Transcribe the full listing below, word for word, without pictures.

Data extract.
# # # #
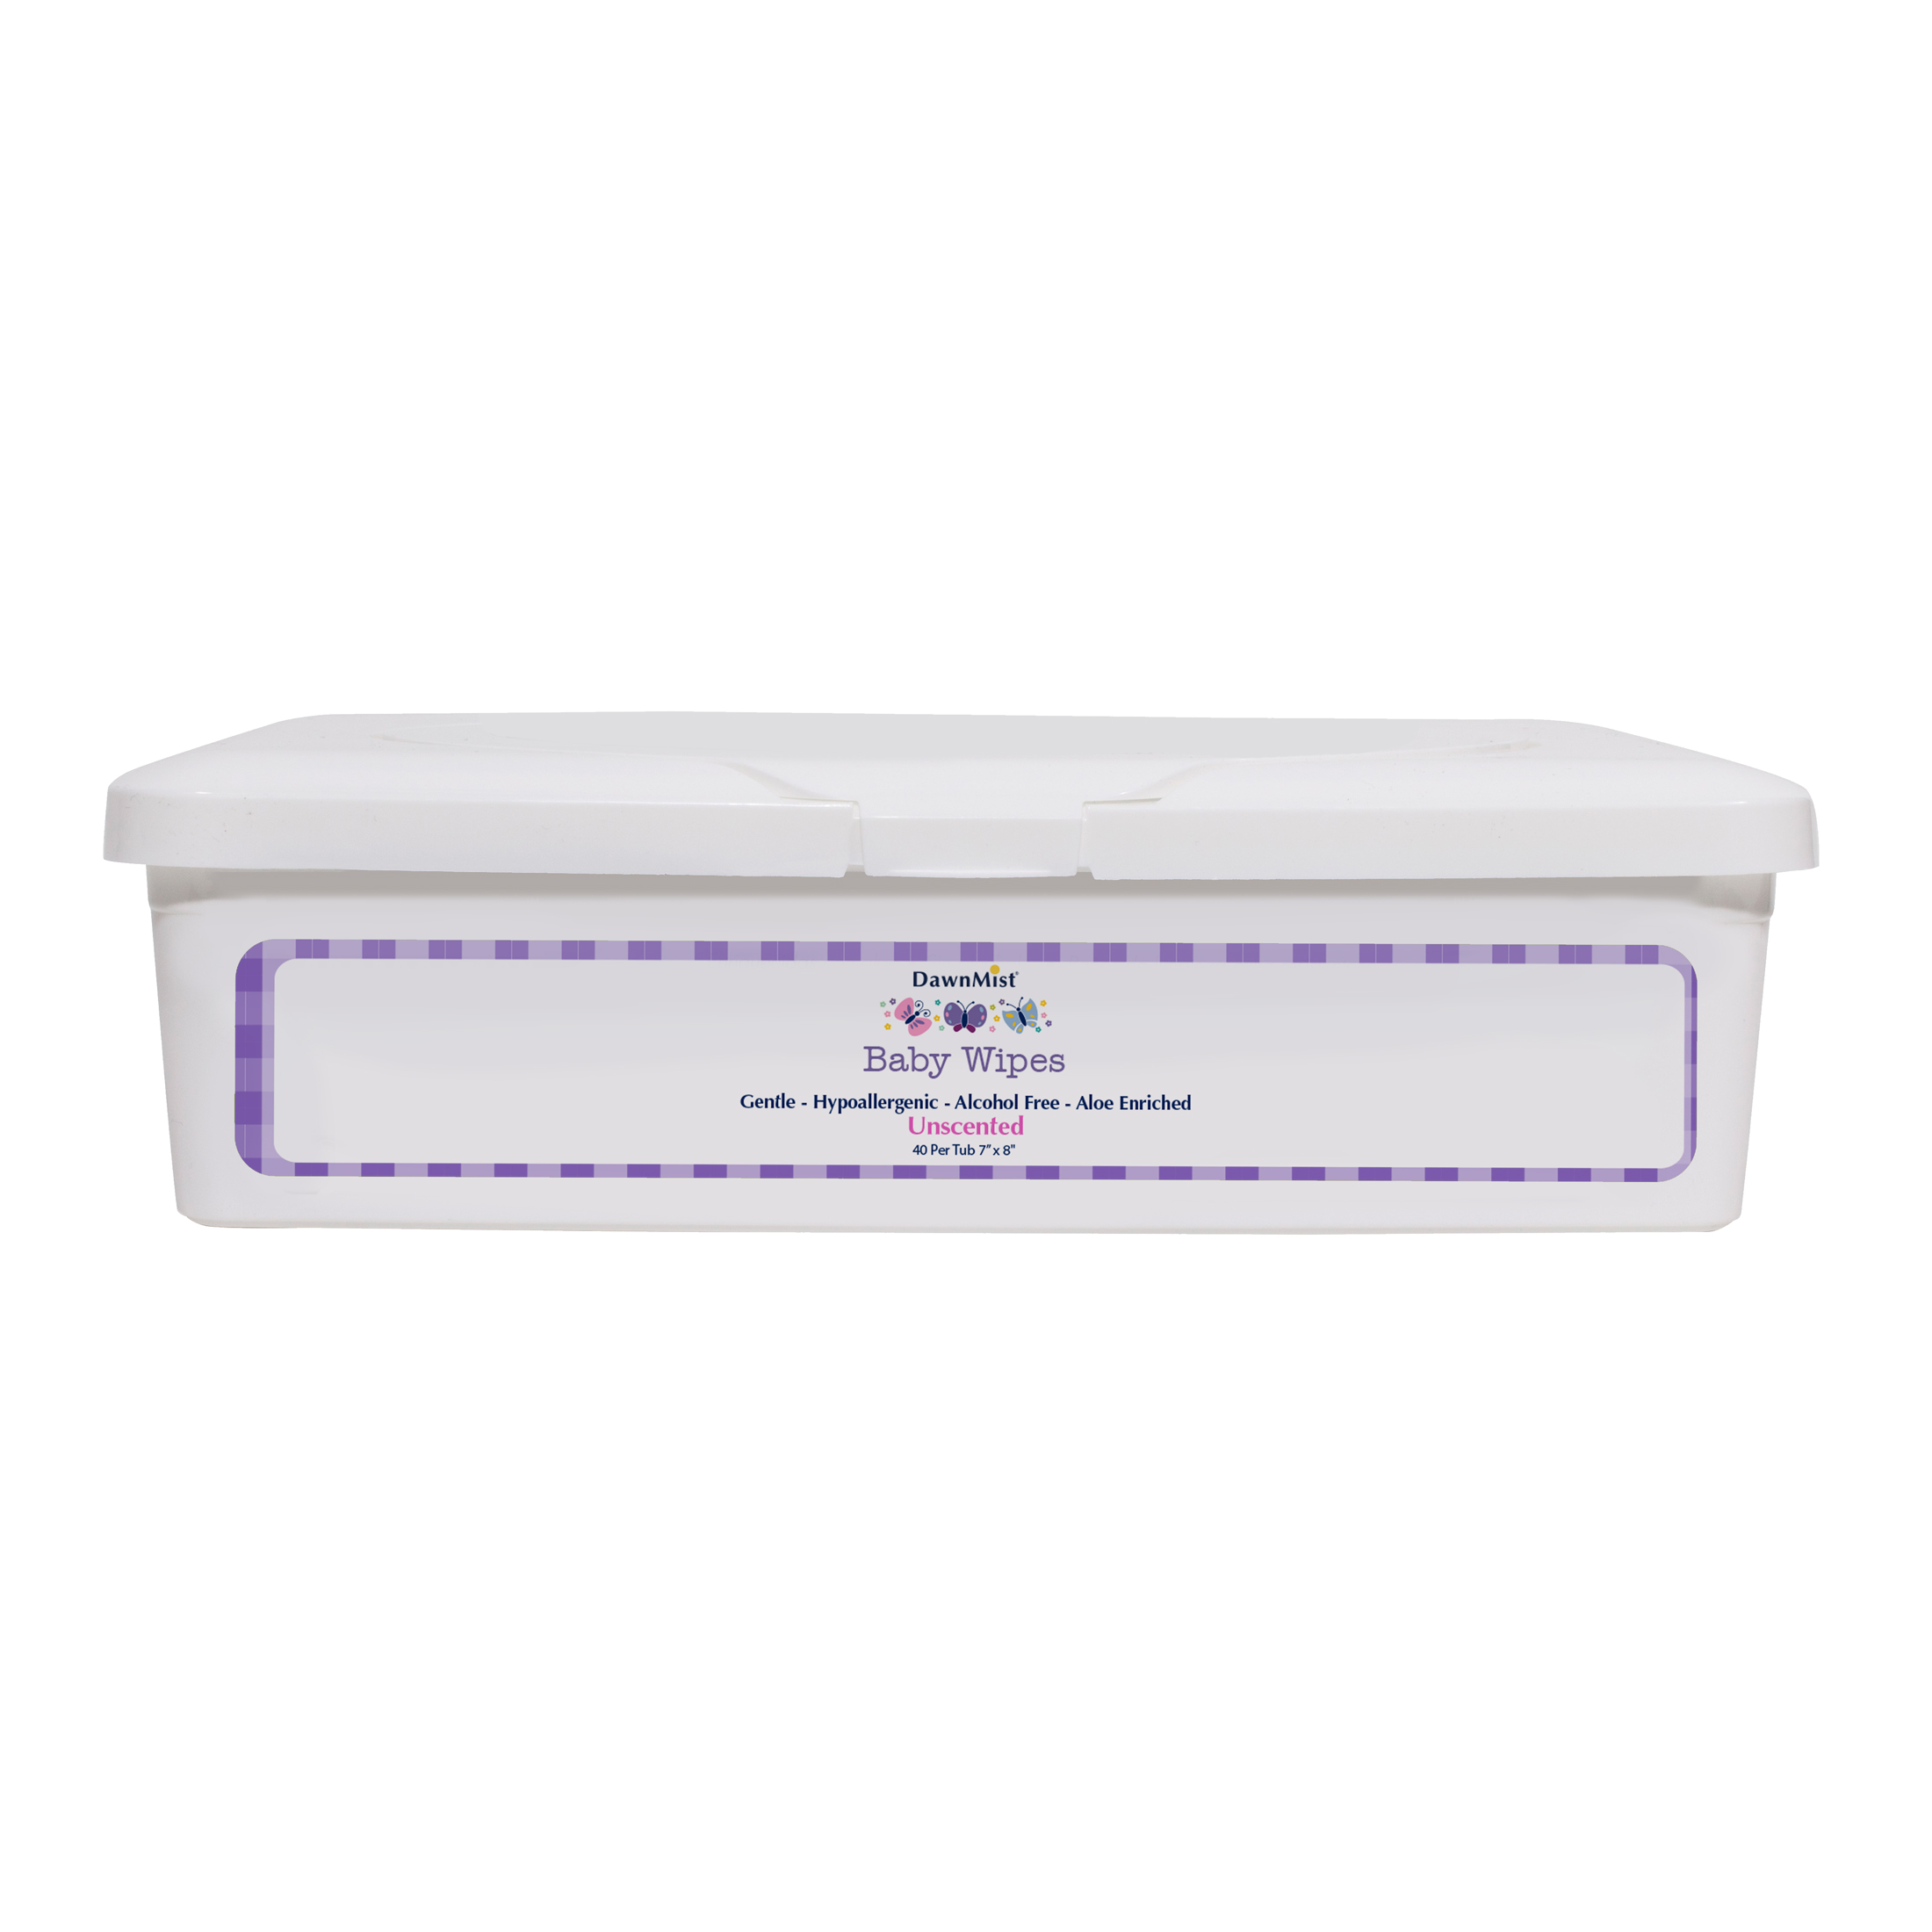 Baby Wipes Products, Supplies and Equipment
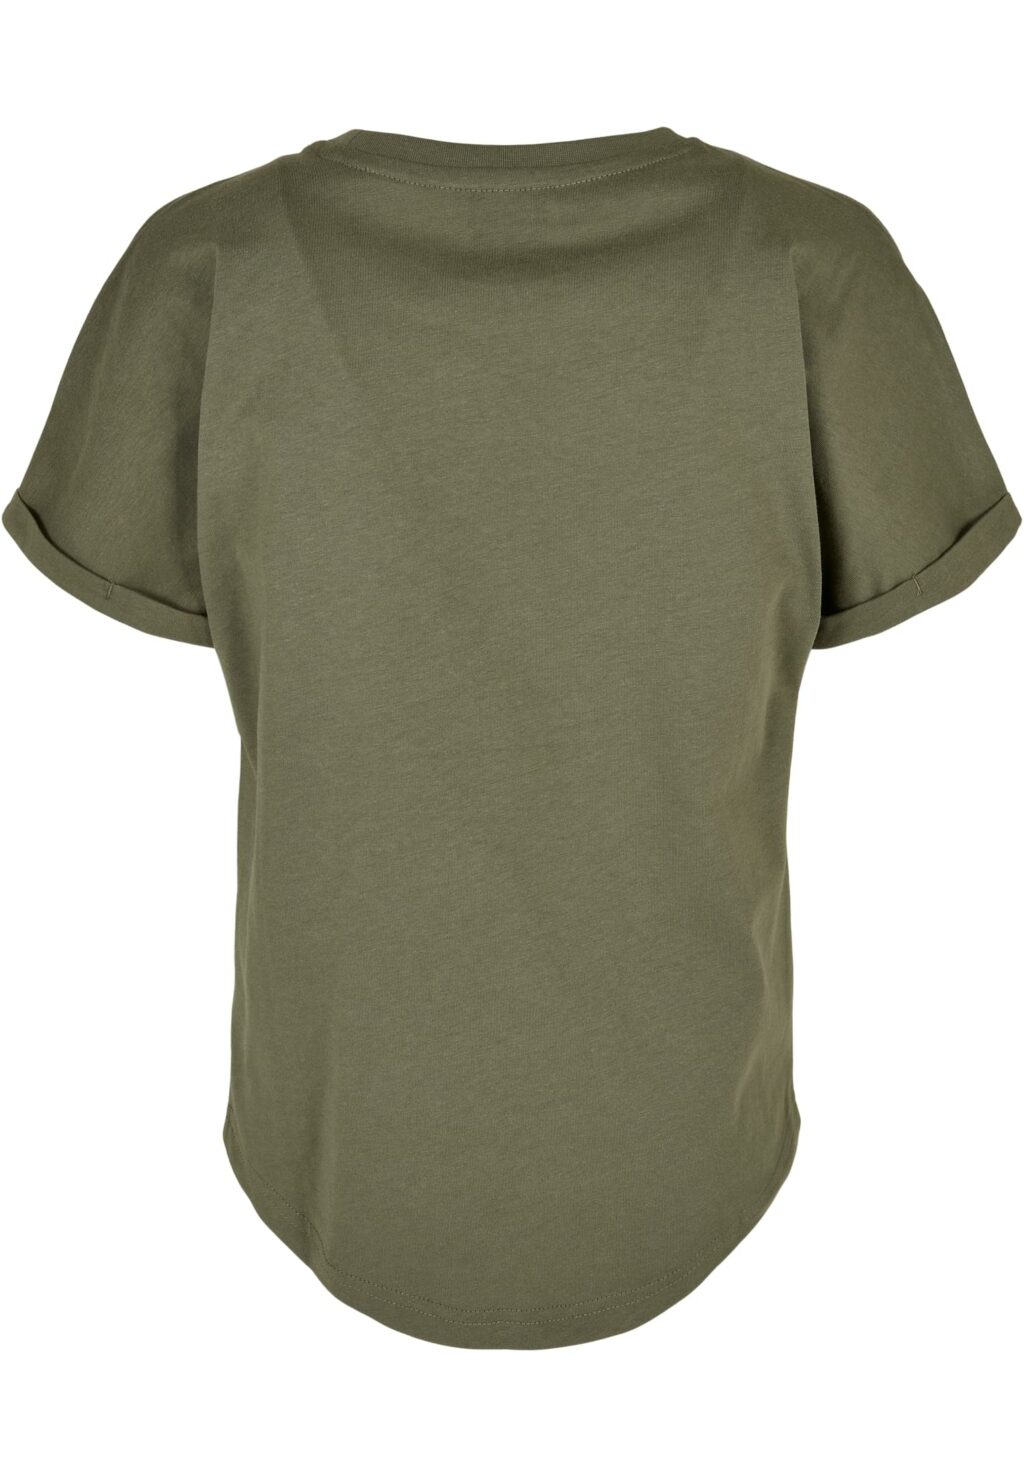 Boys Long Shaped Turnup Tee olive UCK1561
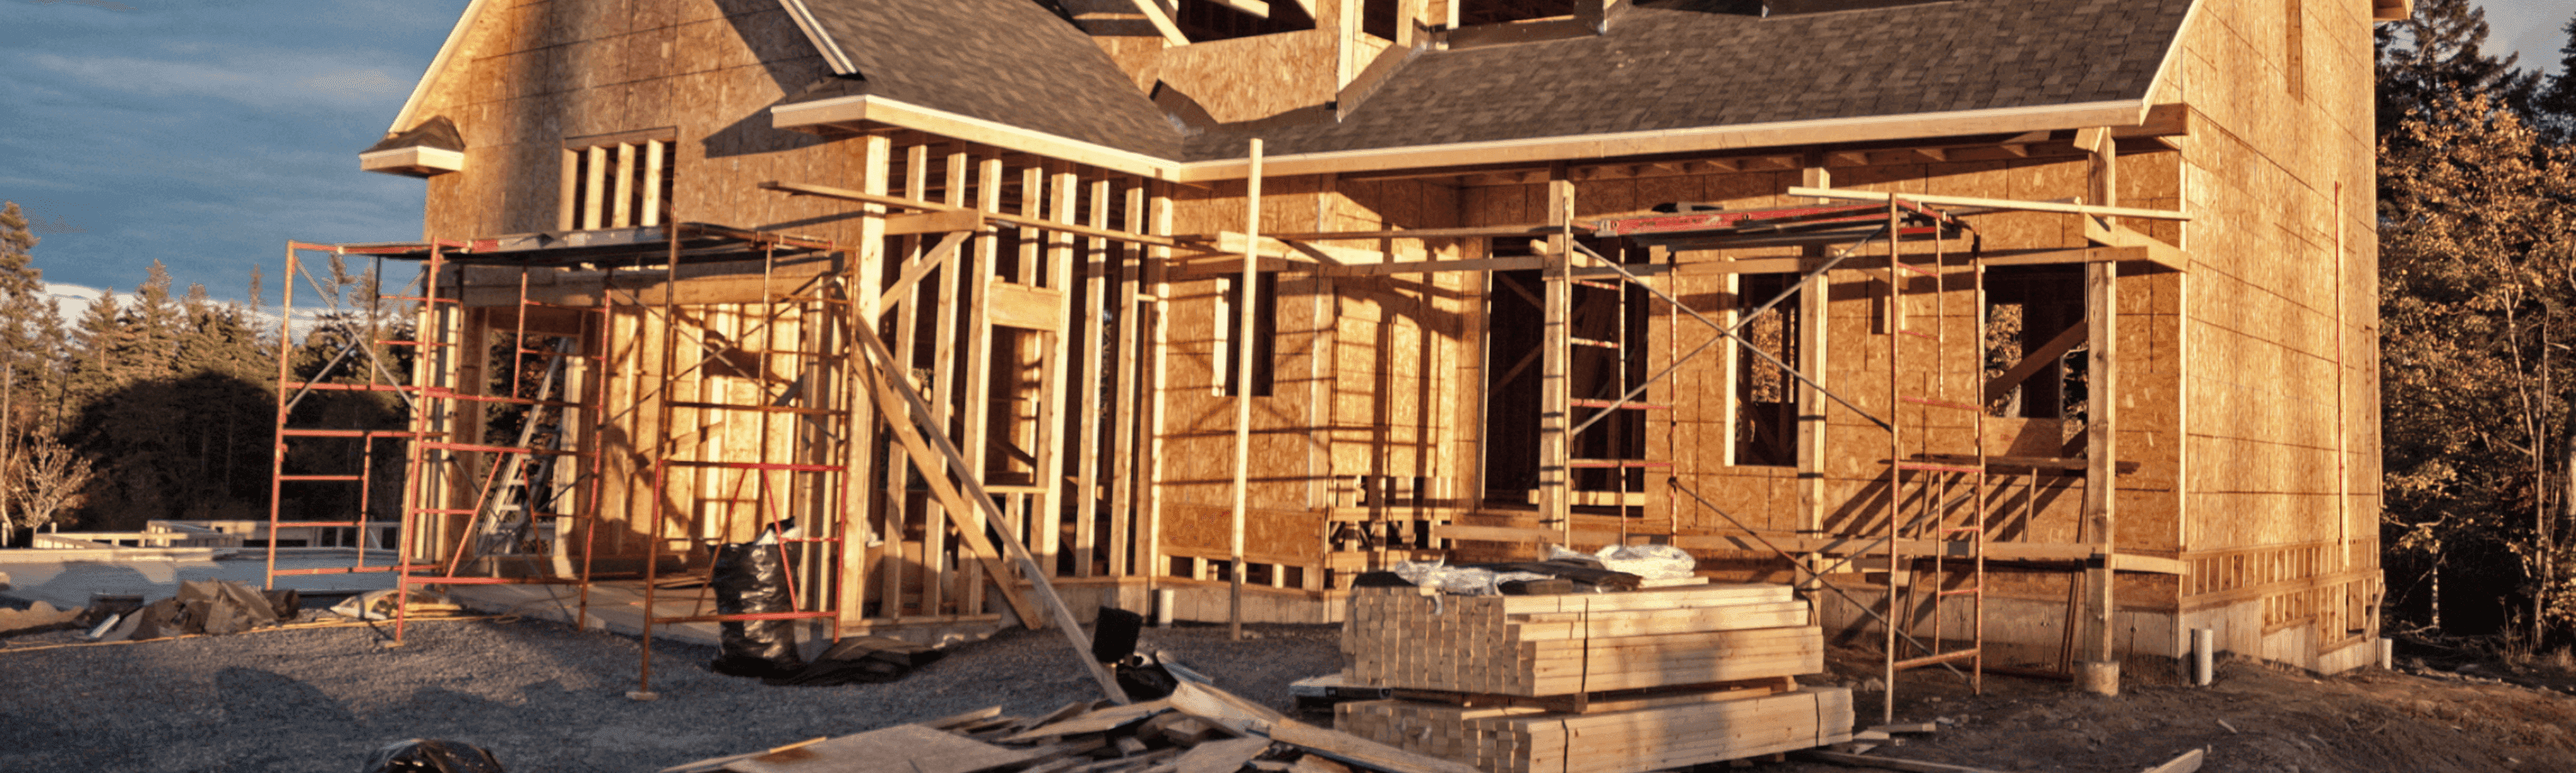 Understanding the Risks of Improper Notching and Boring in Home Construction
# # # #
Reply.
 Baby Wipes Products, Supplies and Equipment
 Boys Long Shaped Turnup Tee olive UCK1561
 Understanding the Risks of Improper Notching and Boring in Home Construction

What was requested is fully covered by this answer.